Domestic abuse, mental issues and challenges associated with raising a special needs child are all front and center subjects explored in Venus Theatre's latest production, "God Don' Like Ugly," but at the end of the day, it boiled down to freedom for the production's diverse and complicated characters.
Written by Oxford-based playwright Doc Andersen-Bloomfield and running through April 12, the play takes the audience on an intense journey through a one-time special day for a family that takes many twists and turns along a road, ending up tragic for some and a freedom experience for others.
Set in a Texas town, the play opens with a messy-haired young woman dressed in a green khaki jumpsuit walking in and babbling, while holding a broom for a microphone as she loudly sings along with the radio to the Andrews Sisters version of "I Don't Know Why" (I love you like I do). The 36-year-old woman, Esme, played by Cathryn Benson, is hyper and prone to the unpredictable outbursts of a child. Benson has the mannerisms of a special-needs child locked down and is believable as she delivers her lines with a slurred speech while her eyes seem unfocused and constantly wandering.
"She's a powerhouse," Andersen-Bloomfield said.
Benson acts out the role of the often-times loud and expressive Esme so superbly that instead of being annoying, she comes off as loveable, humorous without knowing it and frank and honest, as only a child can be. Benson stays in character and never seems to lose that childlike innocence throughout the production's tumultuous plot, with Esme at its center. But Esme's mother Bessie, played by local theater veteran Nancy Blum, is often at her wits end when dealing with Esme.

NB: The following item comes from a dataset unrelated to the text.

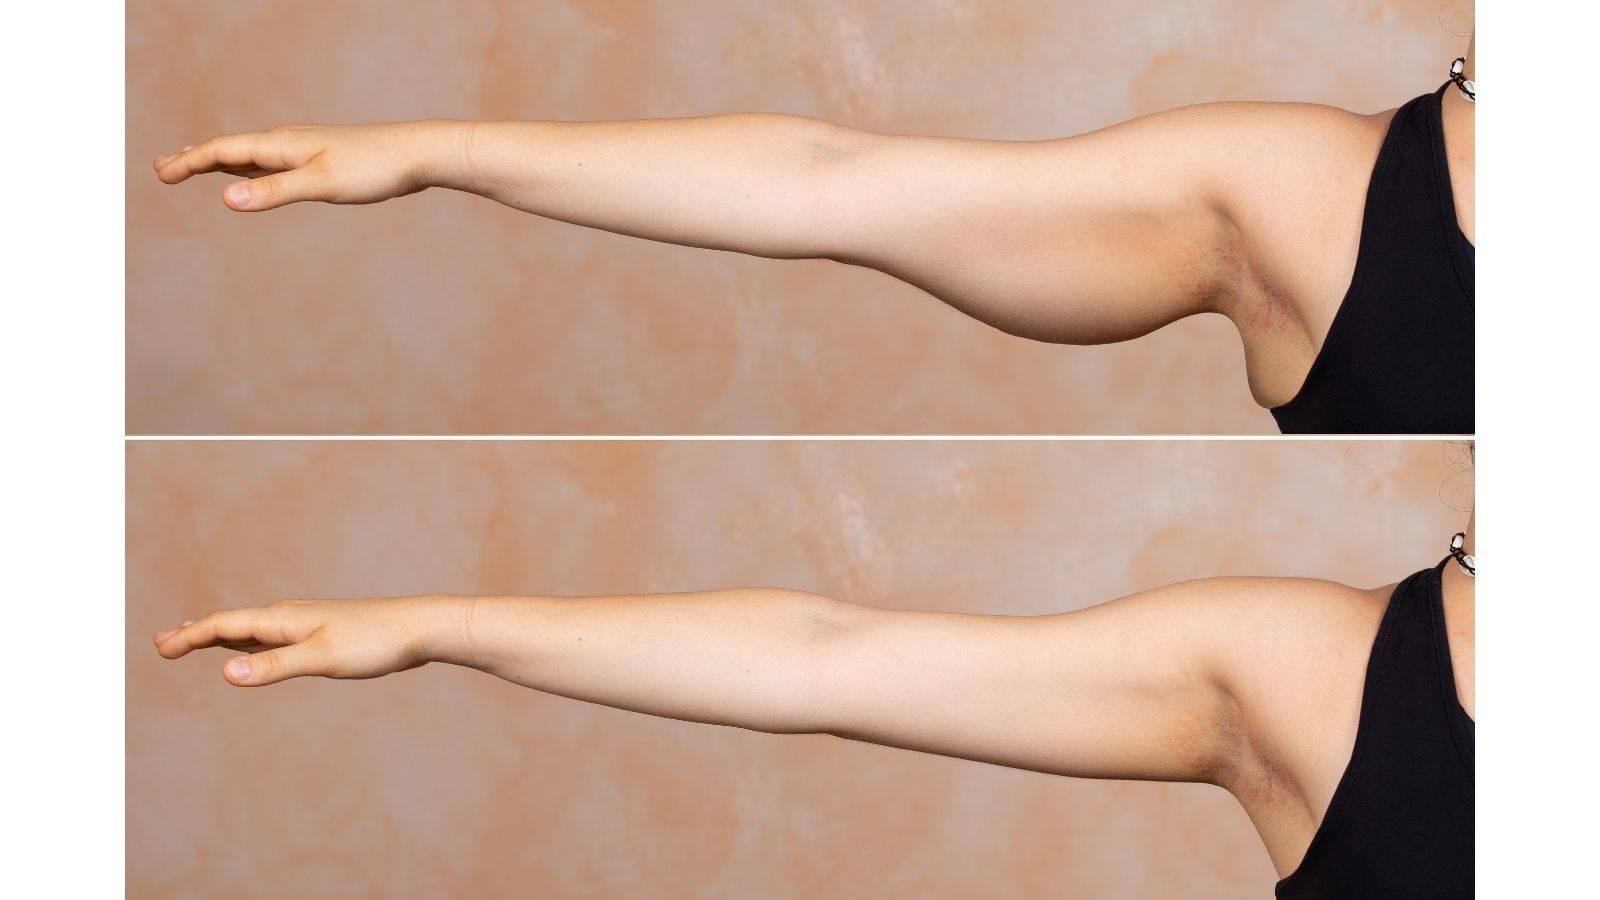 加齢でたるんだ二の腕がキュッと引き締まる【上腕三頭筋に効く!1分トレーニング&マッサージ】

"I feel like I've been on a leash for 36 years," Bessie said. "The doctor said you wouldn't live past 15, 16 at the most. The doctors lied."
Esme has a twin sister, Ella Margaret, also played by Benson, and it's their birthday, but Ella Margaret is not there. Dressed in a thin, short-sleeved flowered house coat with wire-rimmed glasses on her nose, Bessie looks a bit like the Momma character from The Carol Burnett Show and acts like her, too, when it comes to her daughters.
She has nothing but good things to say about Ella Margaret, but constantly criticizes the likeable Esme, saying her penchant for repeating people's words like a parrot is "her one good talent."
"We all have our crosses to bear. Mine will be with me until the day I die," Bessie says, referring to Esme, who only smiles as she dances around the yard in a world of her own.
As the play progresses, Bessie refuses to make a birthday cake to celebrate the twins' birthday until Ella Margaret returns, which upsets Esme. The audience finds out later that Esme knows the exact whereabouts of her twin sister. So does Bessie, but refuses to face reality. Esme uses her imagination in telling the story of how a stranger came one day and Ella Margaret fell in love with him and left. Ella Margaret only makes cameo appearances in dramatic dance routines with the stranger, played by Gray West in his first performance at Venus Theatre.
In another cameo appearance, it is revealed that the stranger was abusive to Ella Margaret. About that time, a badly bruised woman, SJ, stops by the house asking for directions to a relative's home.
SJ, played by Ann Fraistat, is a Venus regular and her veteran acting skills are so honed that no one would know that she received the script two days before opening night, when the original actor had to be replaced for personal reasons.
"That's never happened to me before but I learned the script and went with it," Fraistat said.
SJ is running from an abusive husband and is terrified that he will find her and kill her.
"He finds me every time I leave and he beats me," she says. "I go to the police but they don't do anything."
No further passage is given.